I will say one thing for Charles Band, he’s not afraid of diversity.  Even now in 2015 it’s rare to see a movie about people who aren’t white doing something that doesn’t somehow revolve around white people.  Killjoy is one of the more afro-centric horror movies that Band began distributing in the late 90s and early 00’s and one of the few movies I’ve seen that features no Caucasian cast members or characters at all.  Even the film’s writer Carl Washington and director Craig Ross Jr. are African American men, making this a genuine rarity.  Unfortunately the movie is disastrously bad and almost entirely unwatchable.

There are just so many wrongheaded decisions that went into making Killjoy.  The story is underdeveloped for one thing: our lead character Jada barely has any involvement with the plot until nearly the end of the movie.  She goes from being window dressing to a b-plot that has almost nothing to do with the rest of the movie to the heroine when some random old man arrives, tells her the events of the entire movie up until now (with flashbacks to scenes we just watched minutes ago), and tells her that only she can stop it.  Her friend Monique and boyfriend Jamal are barely even existent.

Killjoy the character is awful: a bargain basement mash-up of Pennywise, Freddy Krueger (complete with a poorly-lit warehouse subbing in for a boiler room), and The Wishmaster  His one-liners and gag deaths all feature generic ghetto trappings such as a gangster smoking a giant joint which causes him to burn up himself.  Actor Angel Vargas (who would be replaced by Full Moon regular Trent Haaga in sequels) is enthusiastic enough but never comes across as even particularly menacing, he just capers and giggles like Jack Nicholson’s The Joker.

The production quality is probably the worst feature of the movie.  The cinematography is uninspired, poorly lit, and looks to have been shot on video.  All the performances are stilted and awkward (though Michael actor Kareem Grimes is pretty good and certainly outshines his clown counterpart), at the requisite “the evil isn’t dead” moment our trio of heroes seem just mildly annoyed that the clown demon is still alive and they’re still trapped in his nightmare dimension.

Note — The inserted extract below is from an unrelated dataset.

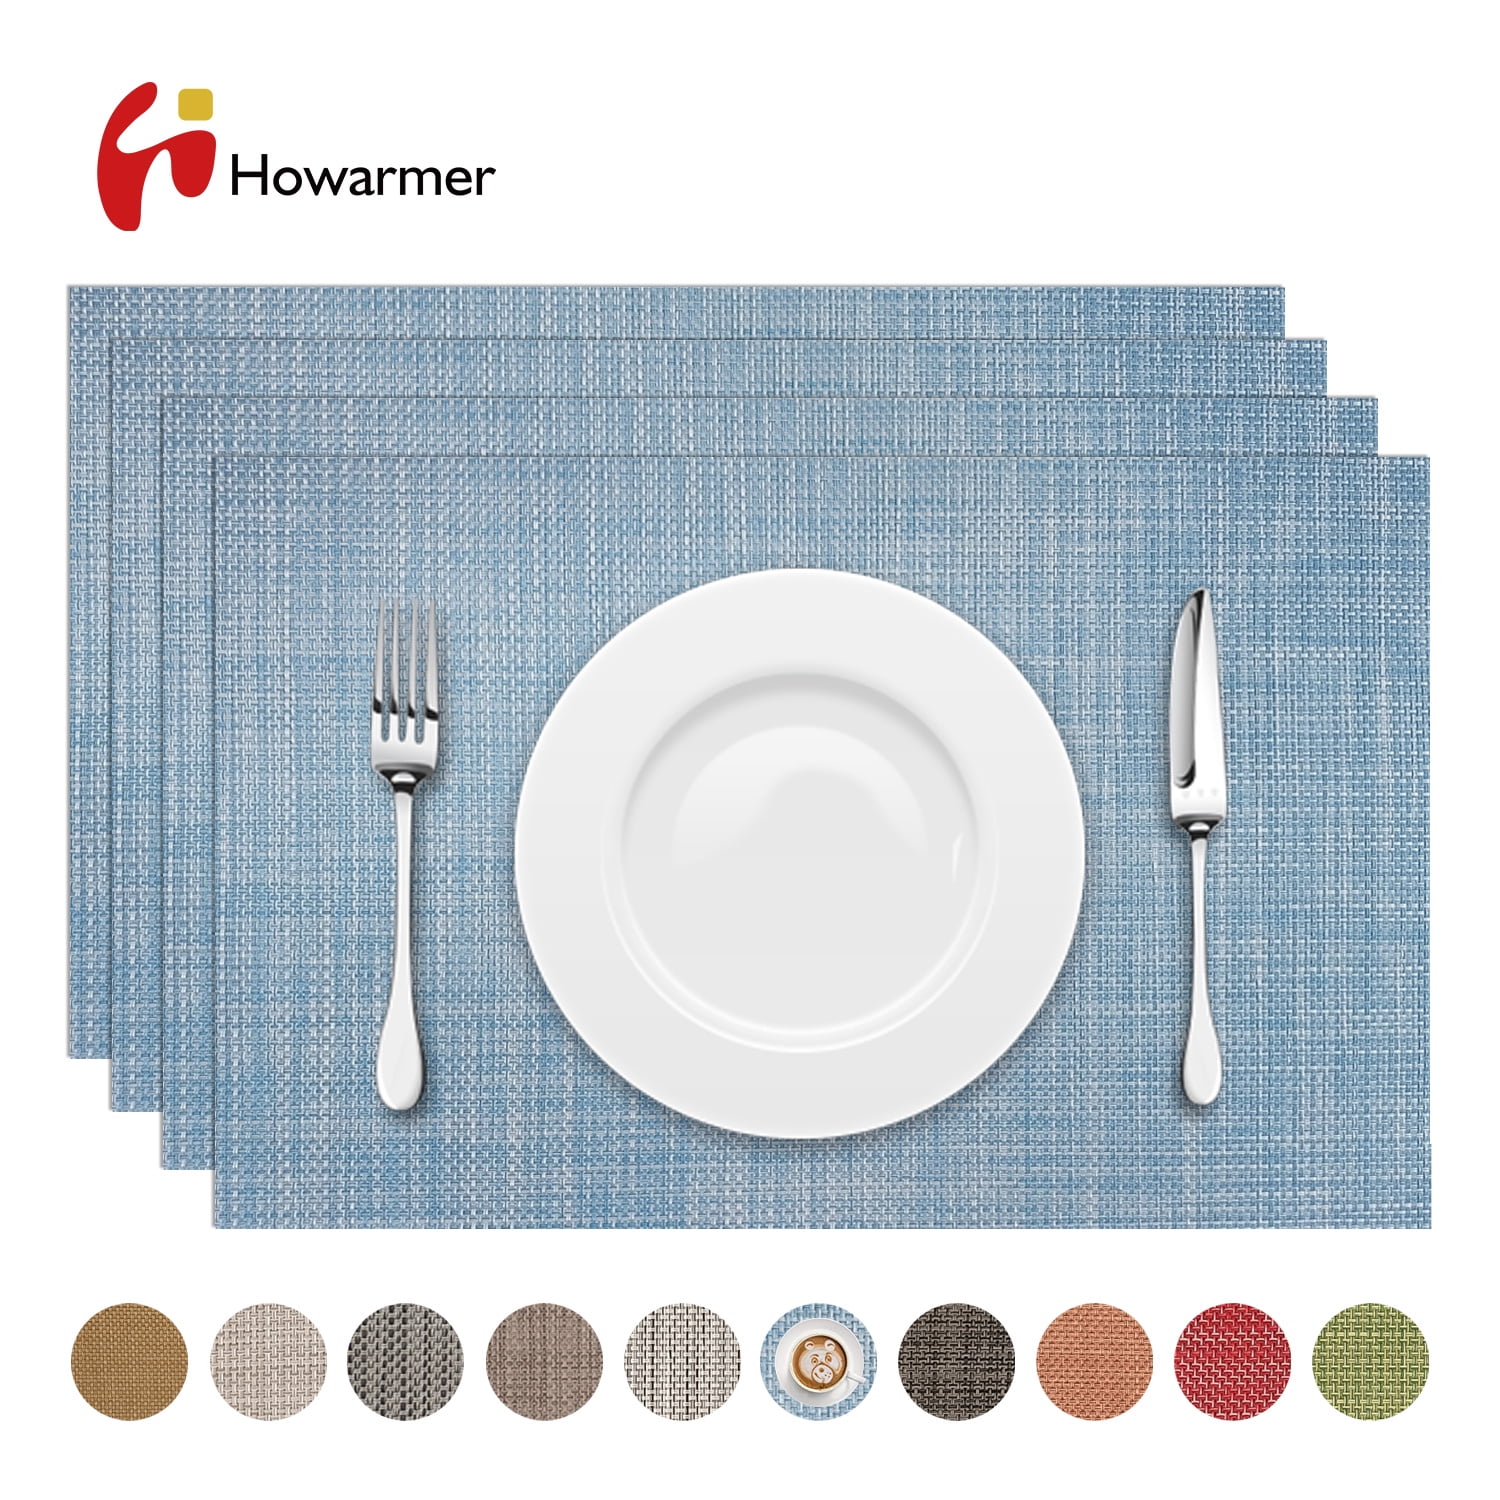 Howarmer Vinyl Woven Placemats for Dining Table, 12x18 Inch Rectangle  Washable PVC Placemats Anti-Slip Heat Resistant Kitchen Table Mats Easy to

And then there’s a part where Lorenzo, in attempt to murder Killjoy, fires a revolver 21 times in a row without reloading.  A gag involving the character spitting bullets which he has been shot with is lifted wholesale from The Mask.  The ending stinger features a ripoff of the ending of A Nightmare on Elm Street followed by the clown saying “”That was some good pussay!!!” and syrupy R&B music playing as the credits roll.

Killjoy is inept, unoriginal, dull, and at a miniscule 71 minutes still seems far too long.  This movie is so underdeveloped that I’m surprised it cost anything at all to make, it doesn’t even have any entertainment value as a piece of garbage cinema.  I can’t laugh at Killjoy’s mistakes, I mostly just feel embarrassed for the people who made them.  It’s a boring slog of a movie and I just can’t see why anyone at all would like it.  I definitely don’t get how it would inspire four sequels.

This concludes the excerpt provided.